EXERCISE PROMPT.
The copy you return must match the listing word for word and carry no pictures.

--- DATA BLOCK Enclosed Below ---

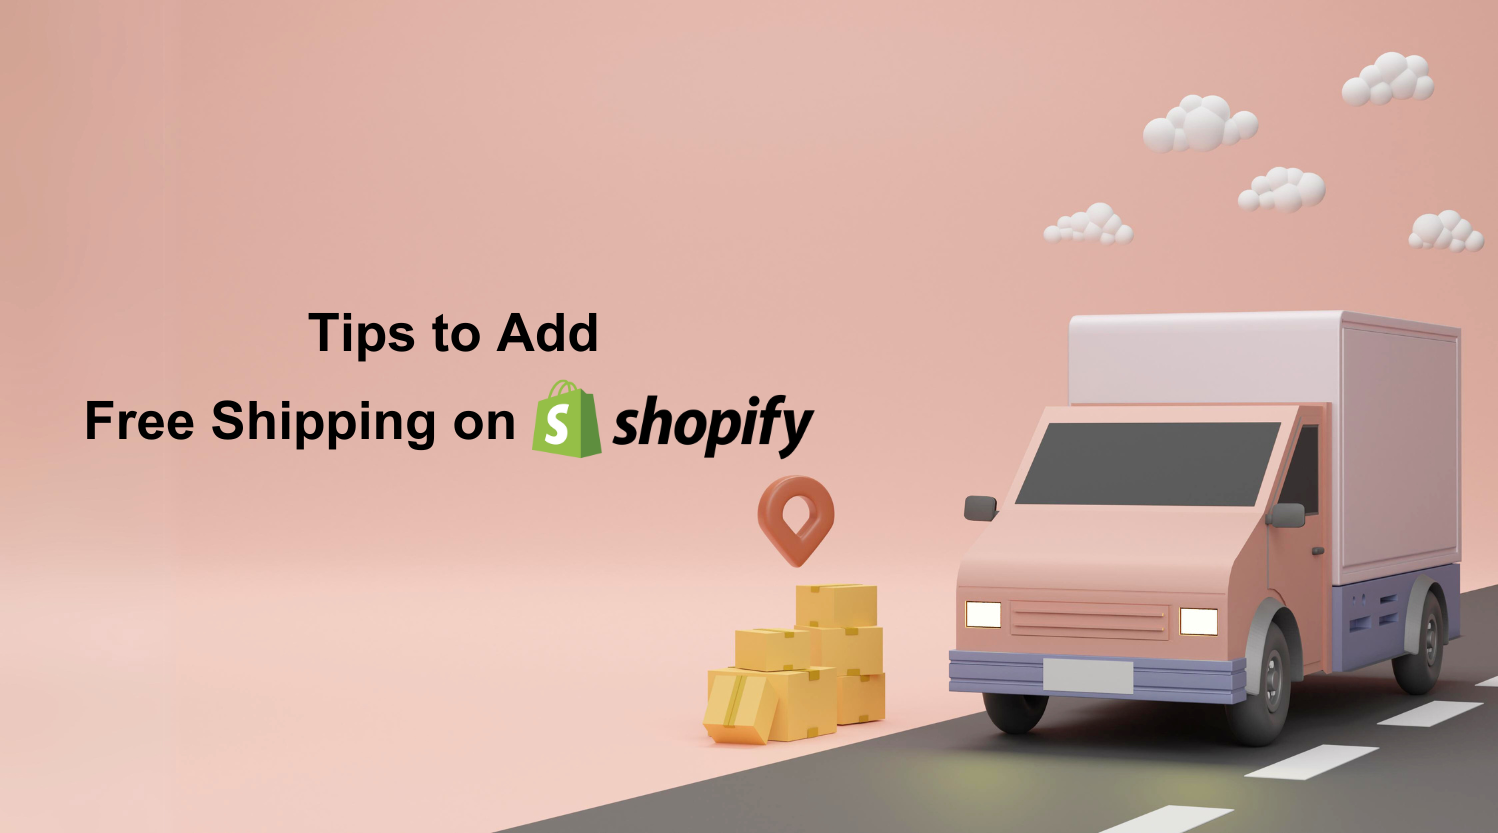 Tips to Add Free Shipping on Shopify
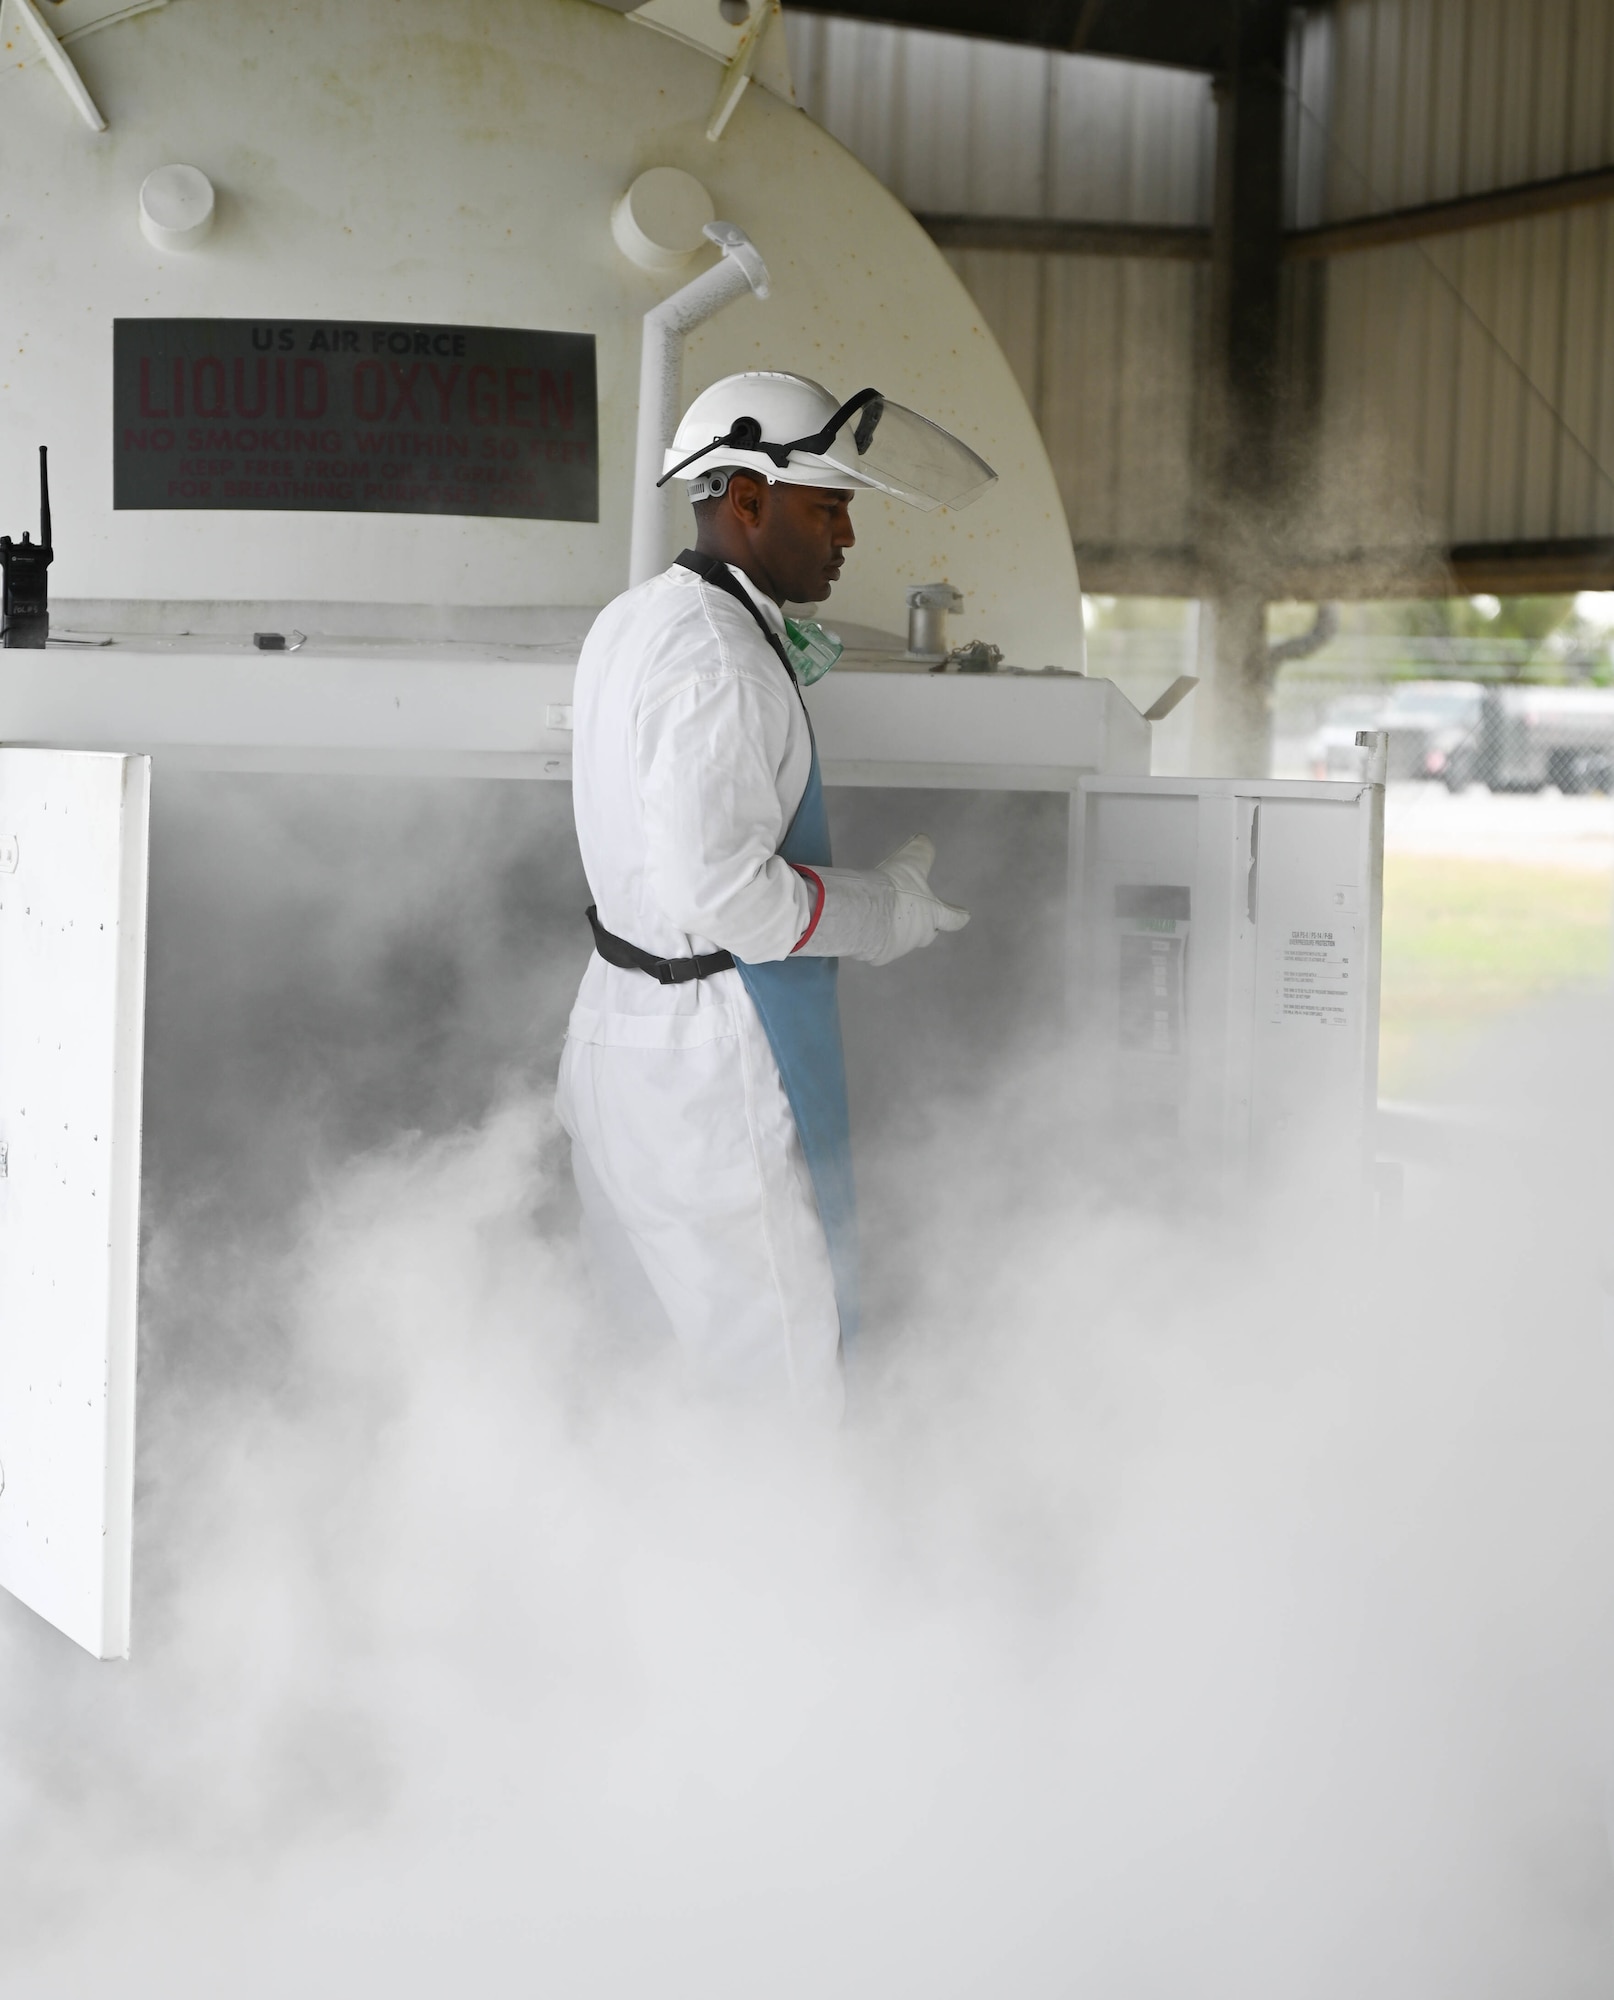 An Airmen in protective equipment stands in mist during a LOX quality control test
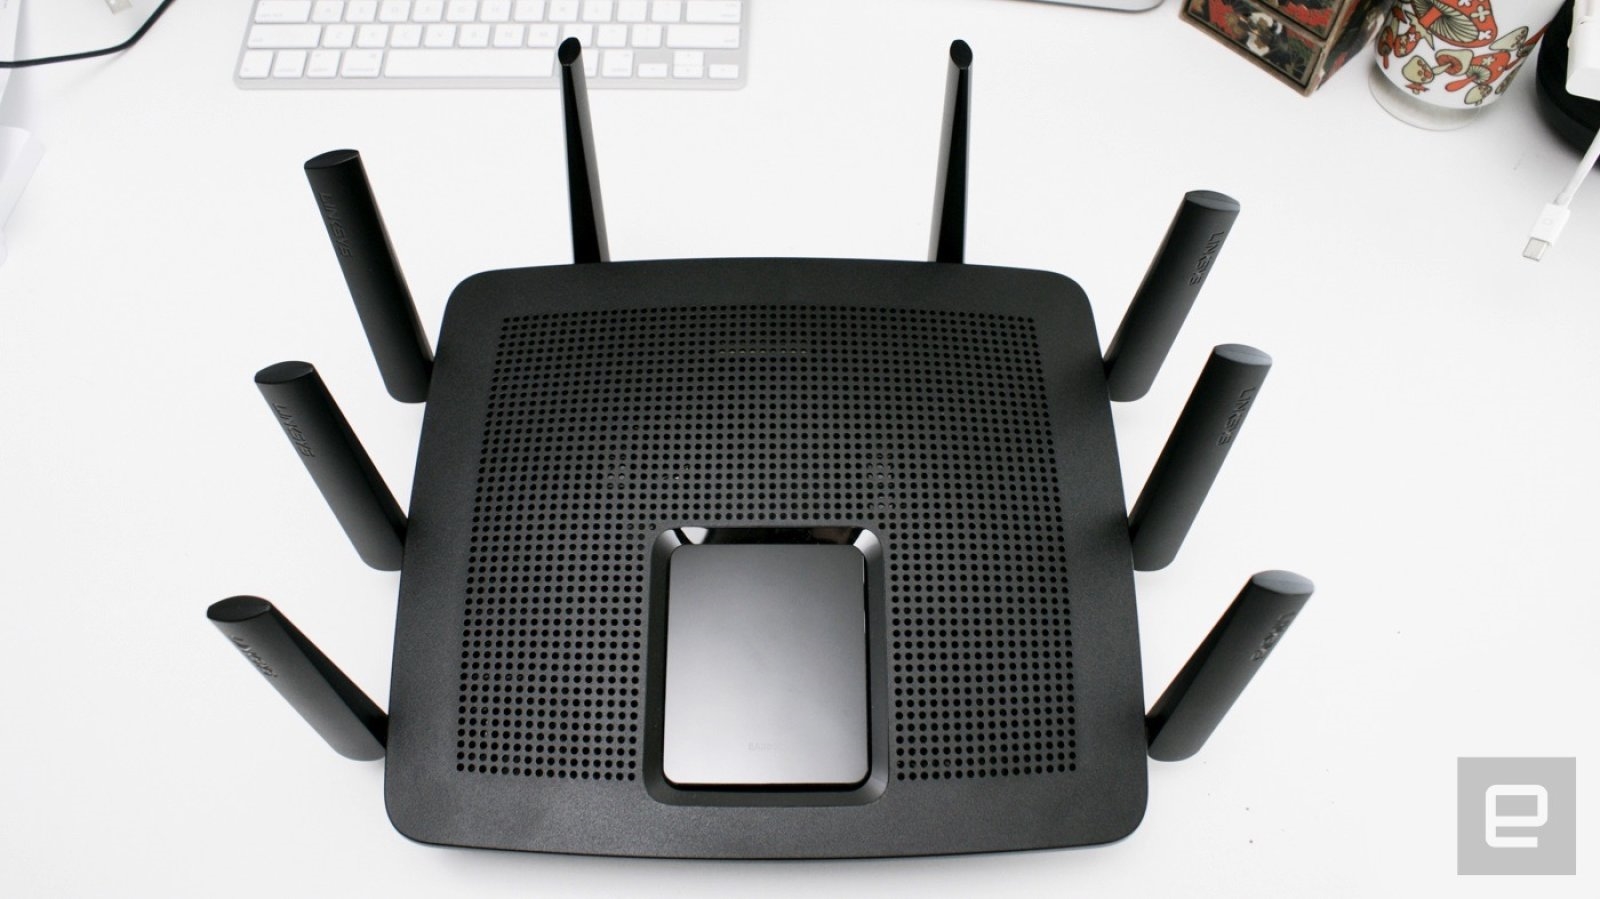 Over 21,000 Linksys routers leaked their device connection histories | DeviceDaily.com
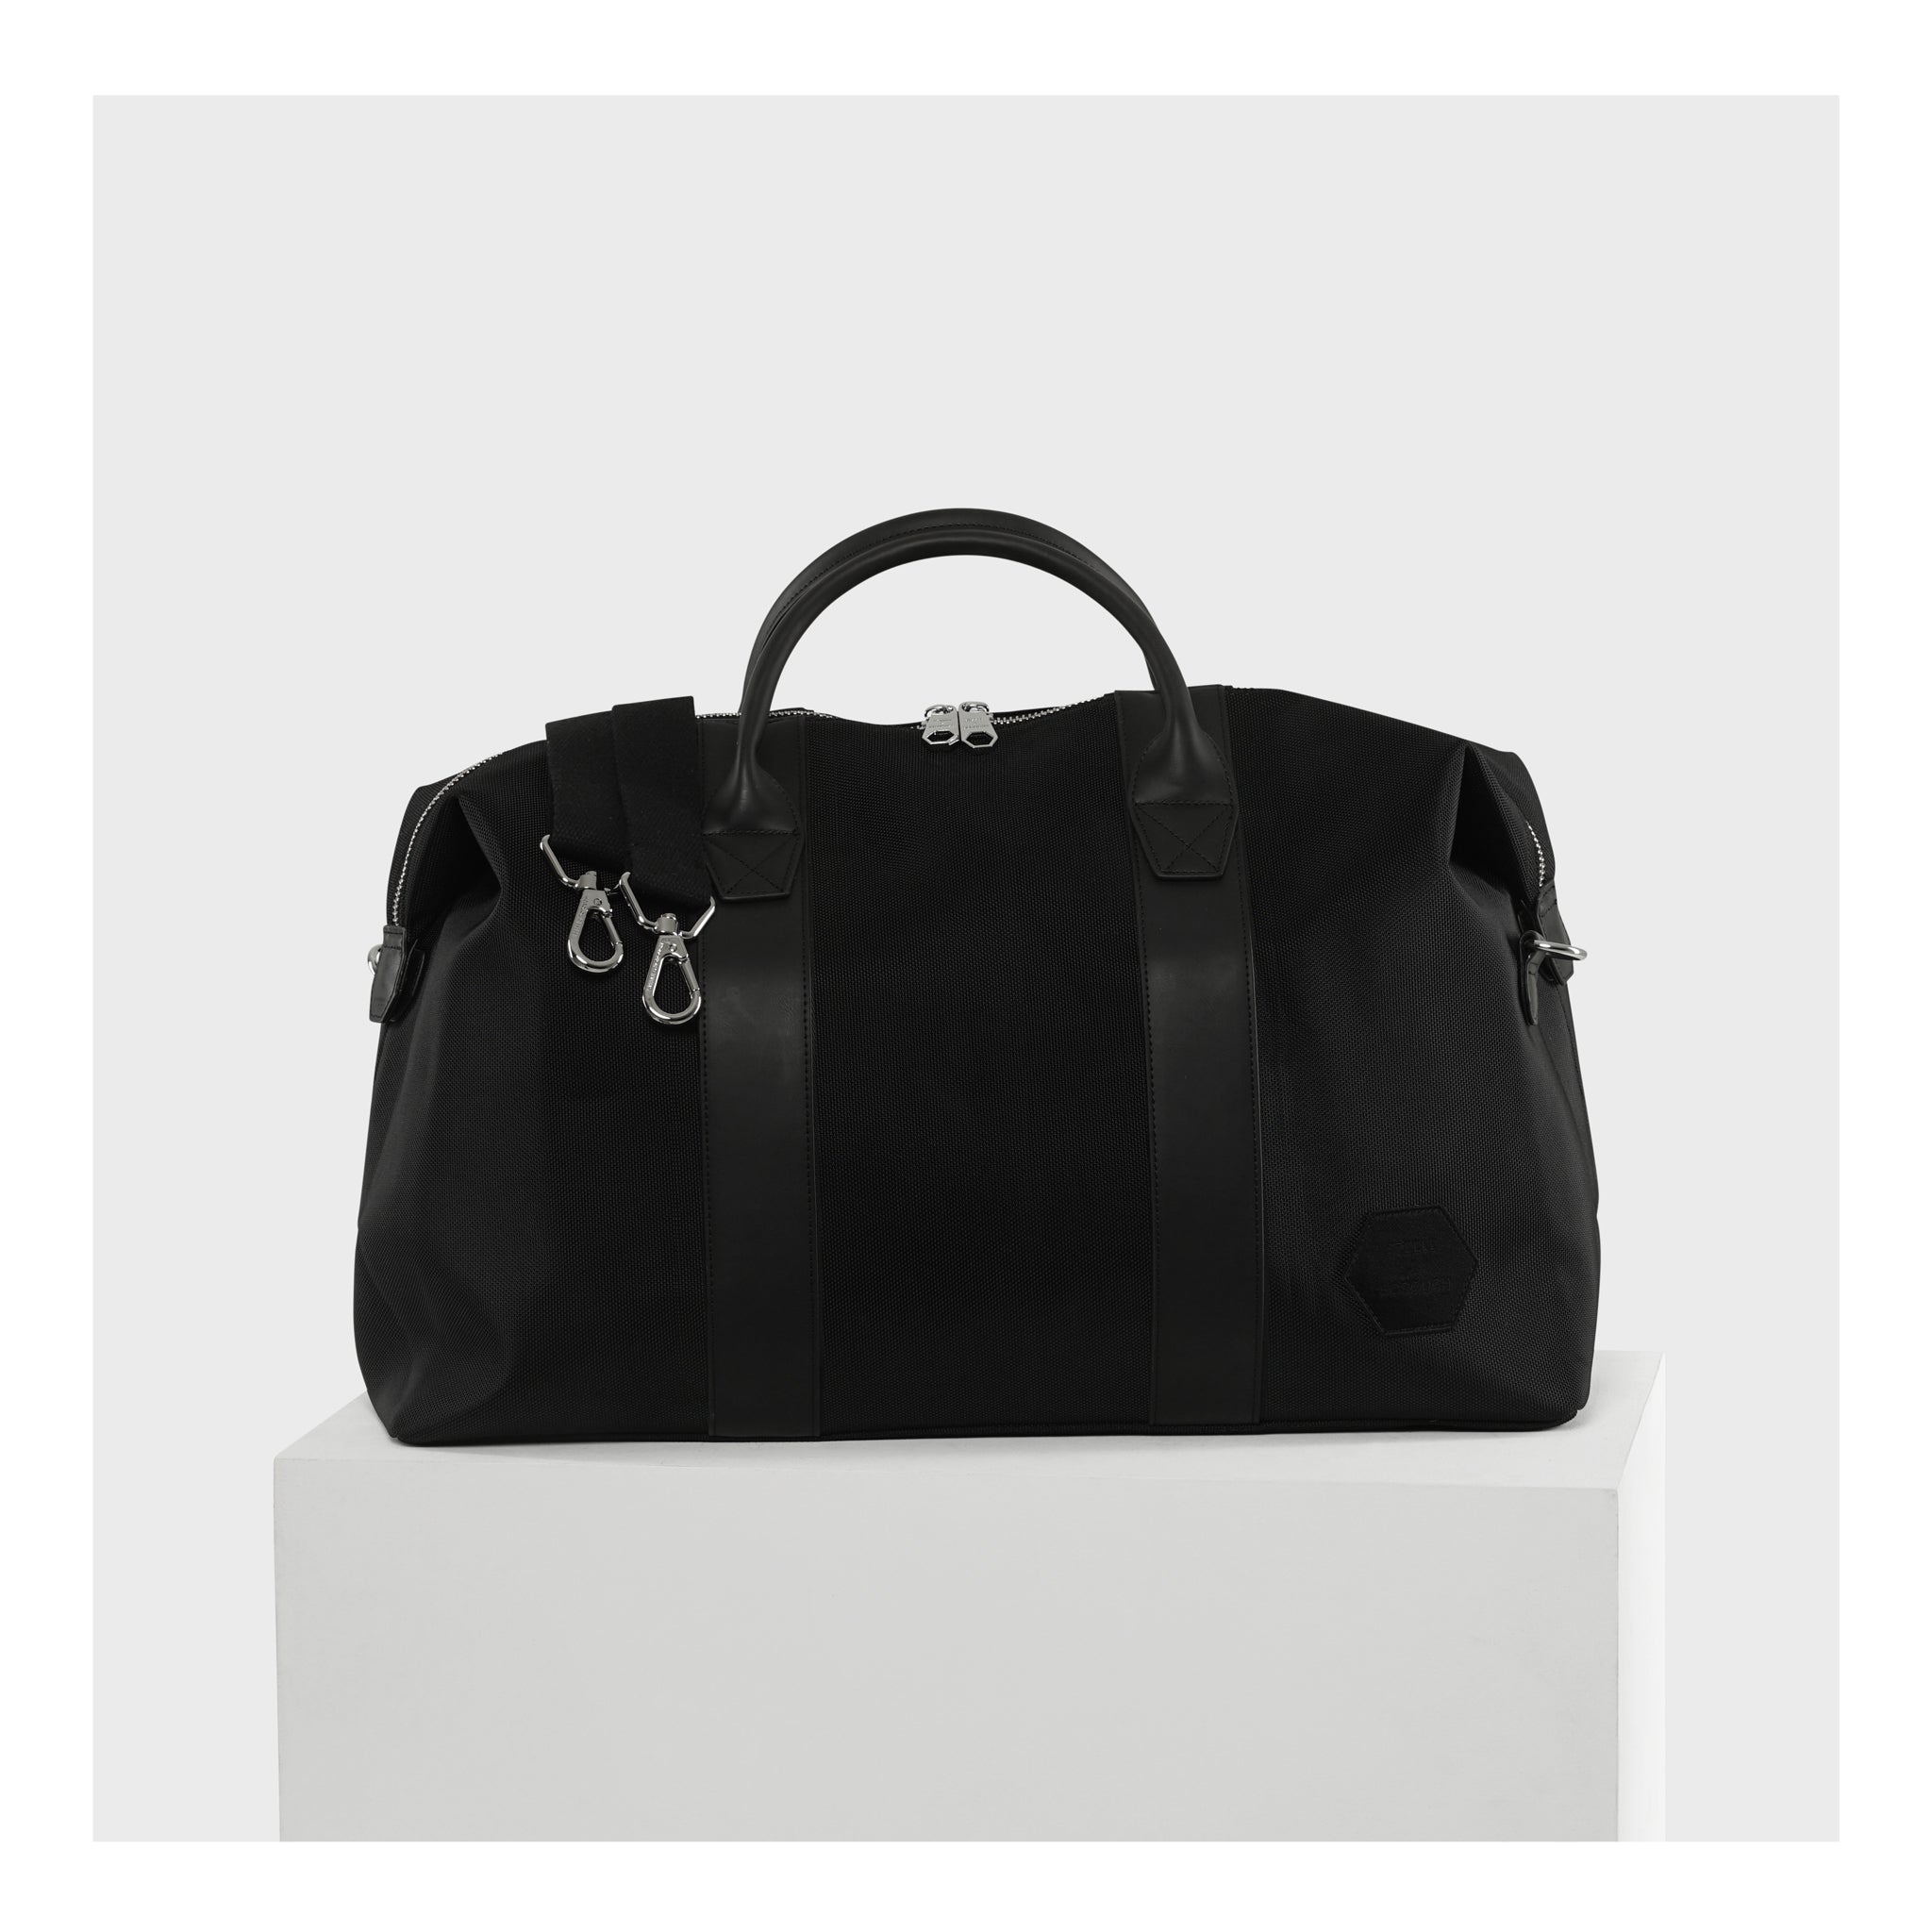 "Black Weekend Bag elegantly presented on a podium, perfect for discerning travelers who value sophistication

--- End of Enclosed DATA BLOCK ---

EXERCISE ANSWER.
 Tips to Add Free Shipping on Shopify
 An Airmen in protective equipment stands in mist during a LOX quality control test
 Over 21,000 Linksys routers leaked their device connection histories | DeviceDaily.com
 "Black Weekend Bag elegantly presented on a podium, perfect for discerning travelers who value sophistication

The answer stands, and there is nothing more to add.